6.1 session=mediasession::createNew
6.1.1 for the class Medium(this is different from the medium of class RTSPClient)
(1.1) // First generate a name for the new medium: and put into the result buffer
(1.2) // Then add it to our table: (It’s a hash table store the medium session, should has a MAX store value, in other words, the client should handle limited medium session)
(2) Some variables initial, such as subsession (m= present a new subsession) and CNAME etc
6.1.2 initial the mediasession with the SDP info
(1) Parse SDP string, get the key and related value to the var.
(2) Get the “m=”(If there have) and create subsession
Decide use UDP or RTP; Mediumname; protocol; payload format etc.
6.2 initial of the MediaSubsessionIterator (Using the session and subsession(m))
6.1.1 Check the subsession’s property and set some Var.
6.2.2 for the receivers [receive data but not 'play' the stream(s)]
(1) subsession->initial()
(1.1) Create RTP and RTCP 'Groupsocks' on which to receive incoming data.
(1.2) According the protocol name, create out UDP or ‘RTP’ special source
(1.3)Create RTCPInstance []
(1.3.1) // Arrange to handle incoming reports from others:
(1.3.2)// fRTCPInterface.startNetworkReading(handler);
(1.3.3)// Send our first report. Which compose with RR and SDES(CNAME) to the server
(2)set the big threshold time, for reorder the incoming packet and restore it. Maybe set the receiveBufferSize (if we set it in the input parameter)
6.2.3 for the player (not recoding the stream, instead, 'play' the stream(s))
Just do nothing here, waiting the follow action.
6.3 SetupStreams(RTSP “SETUP”)
Perform additional 'setup' on each subsession, before playing them:
For each subsession, RTSPClient->setupMediaSubsession(*)
6.3.1 // First, construct an authenticator string:
6.3.2 // When sending more than one "SETUP" request, include a "Session:" header in the 2nd and later "SETUP"s.
6.3.3 // Construct a standard "Transport:" header. [see the appendix (1)]
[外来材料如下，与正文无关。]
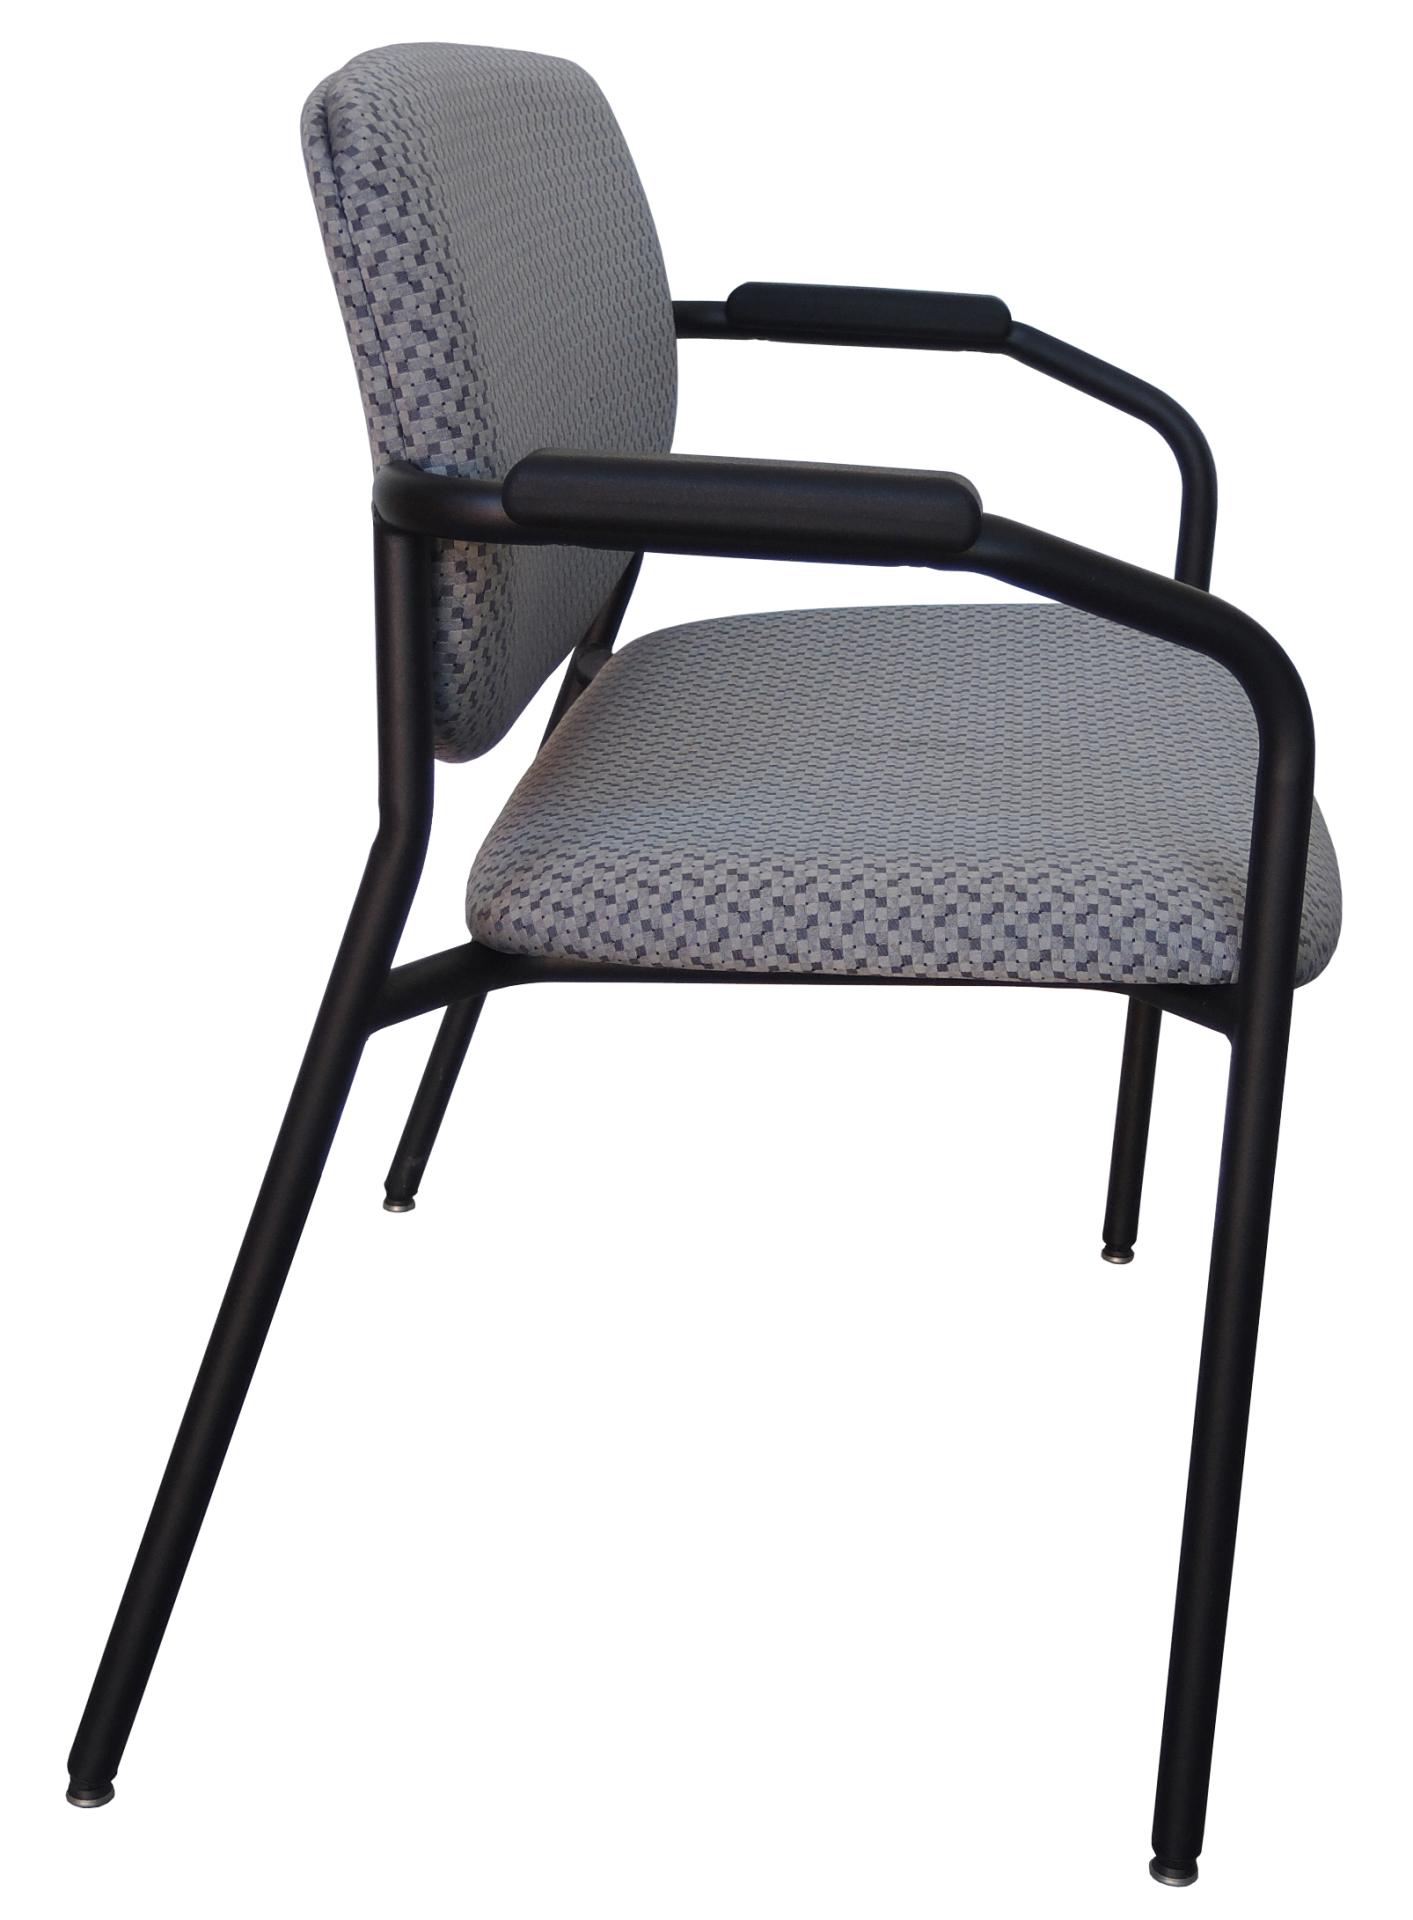 Direct Ergonomics | Sydney Office Furniture | Ergonomic Furniture | Ergonomic Seating | Visitor Chair | Stax Barry

6.3.4 Send request string and get response,
(1) Check the validation(such as response code
(2)// Look for a "Session:" header (to set our session id), and a "Transport: " header (to set the server address/port)
(3) If the subsession receive RTP (and send/receive RTCP) over the RTSP stream, then get the socket connect changed to the right way
7. Create output files: Only for the Receiver (Store the streaming but not play it)
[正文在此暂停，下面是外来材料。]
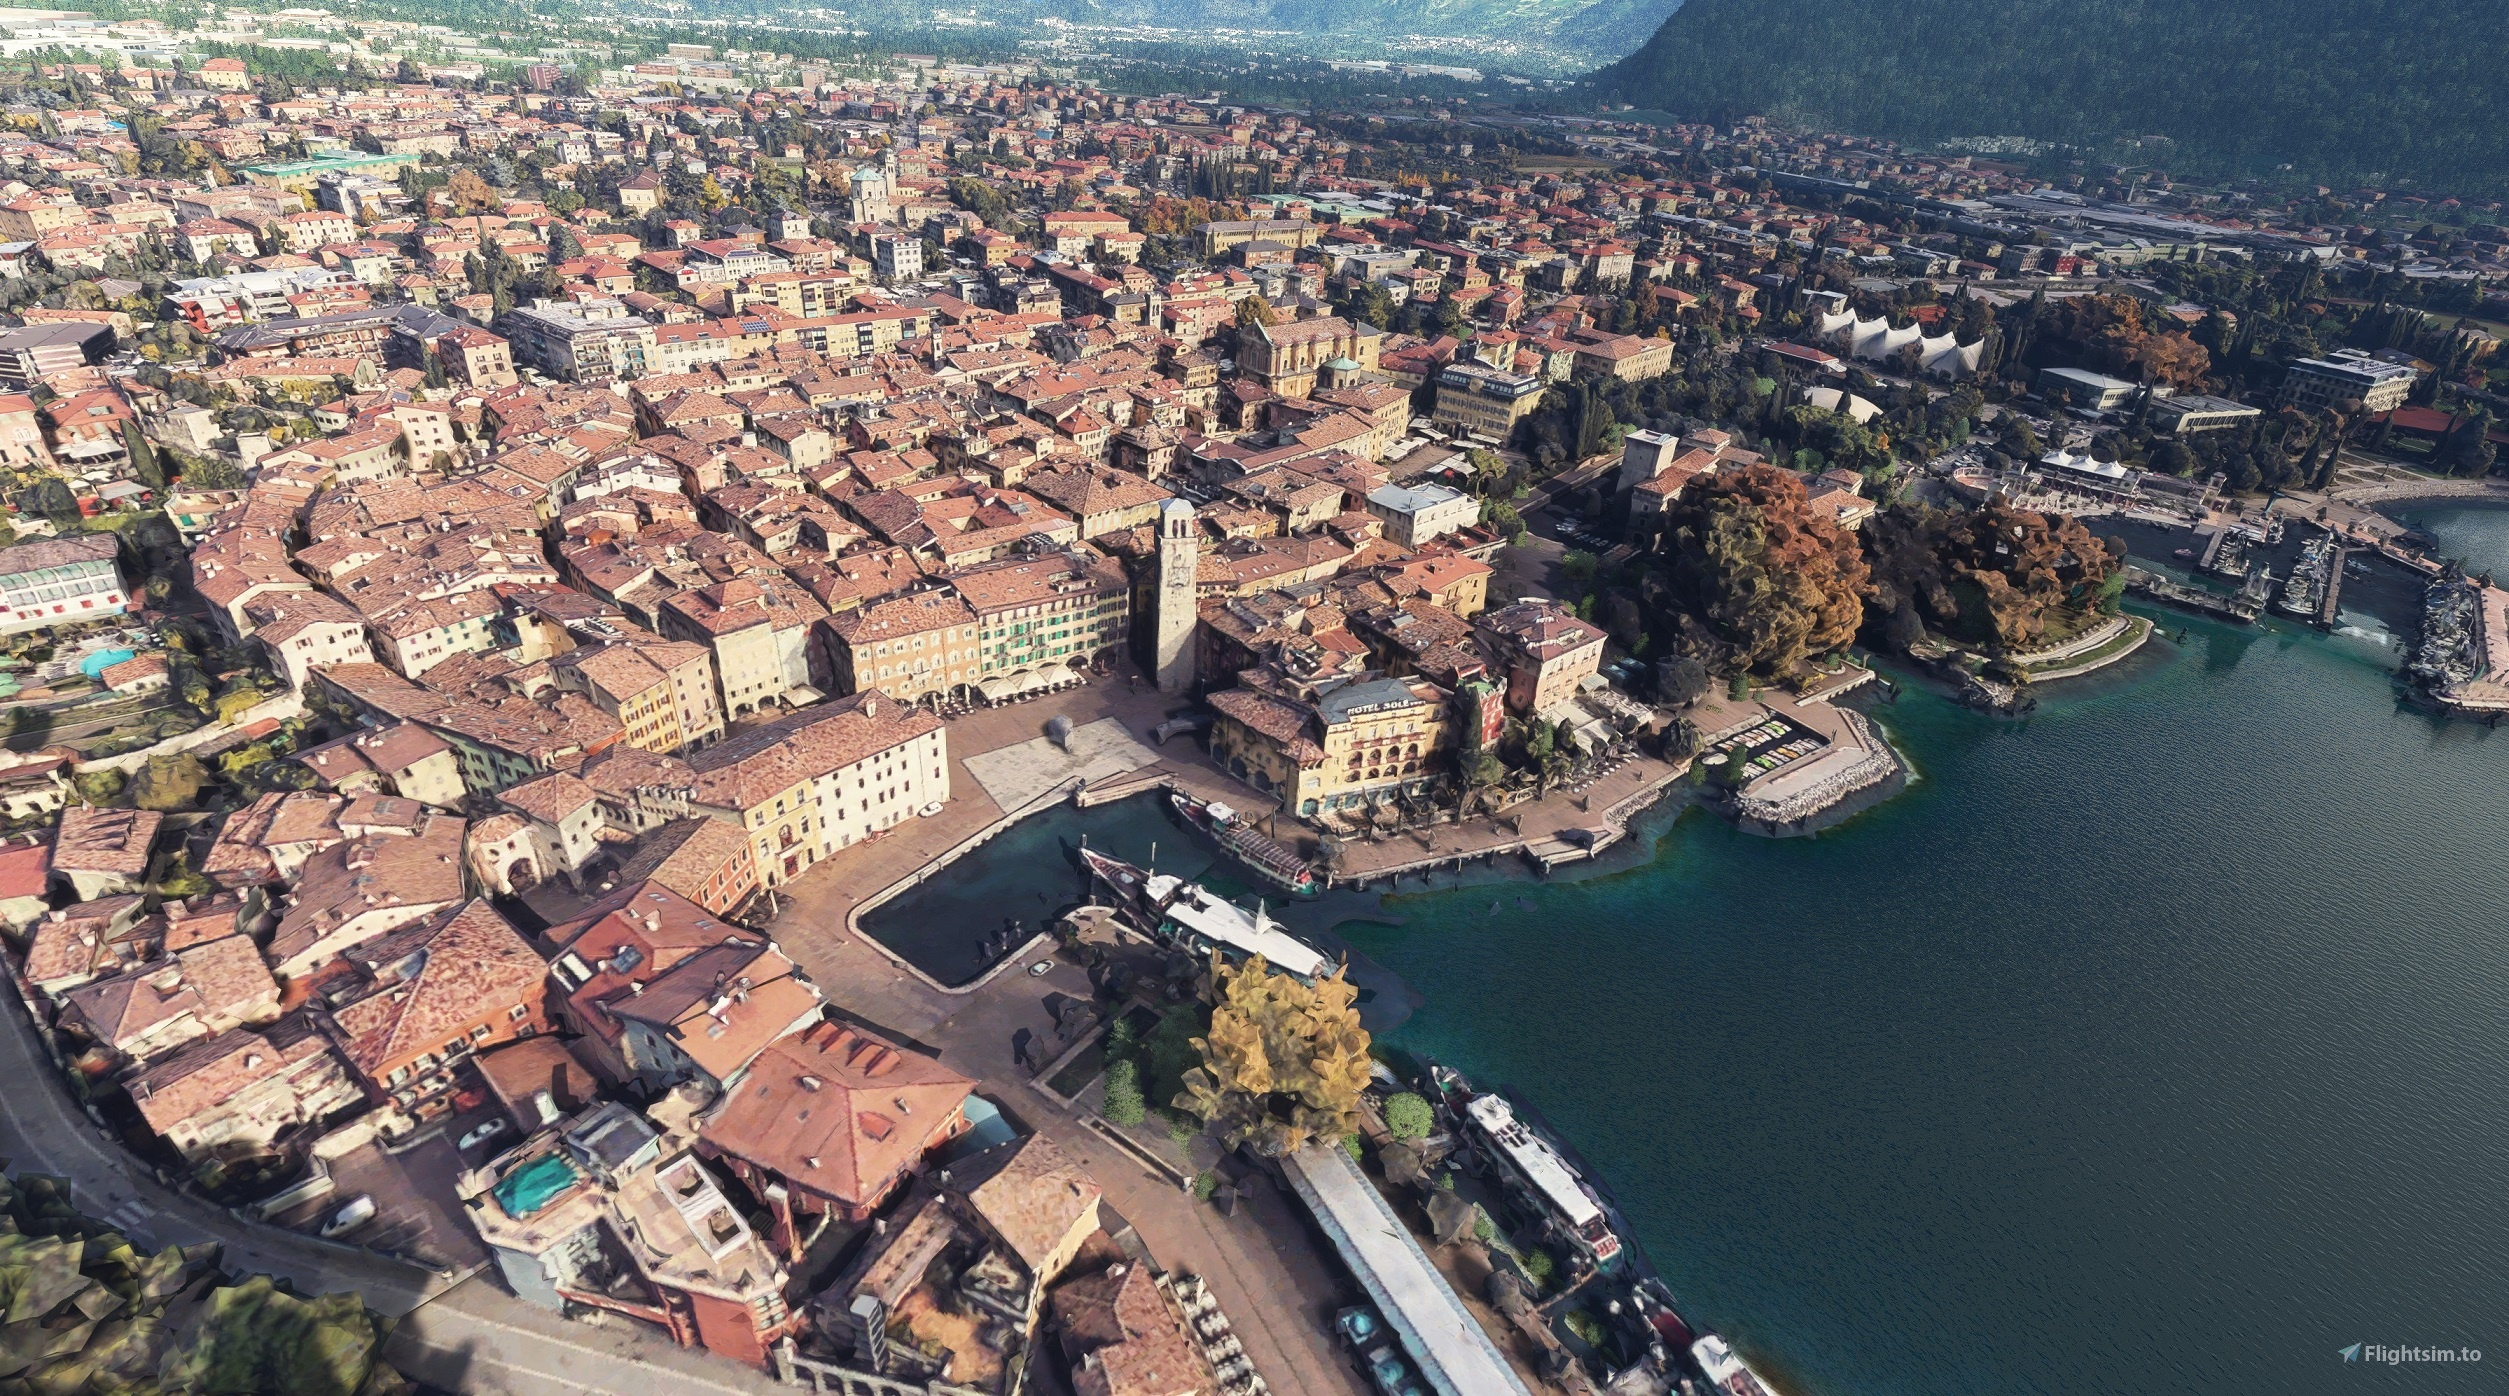 Riva Del Garda – Trentino-Alto Adige

For different file format, use different *FileSink class
This uses the QuickTime file as demo. Output to the ‘::stdout’
7.1 qtout = QuickTimeFileSink::createNew(***)
7.1.1 For construct class medium again, see the front for detail.
7.1.2 Some variables get their initial value
7.1.3 // Set up I/O state for each input subsession:
(1) // Ignore subsessions without a data source:
(2) // If "subsession's" SDP description specified screen dimension or frame rate parameters, then use these. (Note that this must be done before the call to "setQTState()" below.)
(3) Maybe create a hint track if input parameter contains it
(4) // Also set a 'BYE' handler for this subsession's RTCP instance:
(5) // Use the current time as the file's creation and modification time. Use Apple's time format: seconds since January 1, 1904
7.1.4 startPlaying (details in 7.2)
|| 7.2 Common File
7.2.1 filesink = FileSink::createNew(***)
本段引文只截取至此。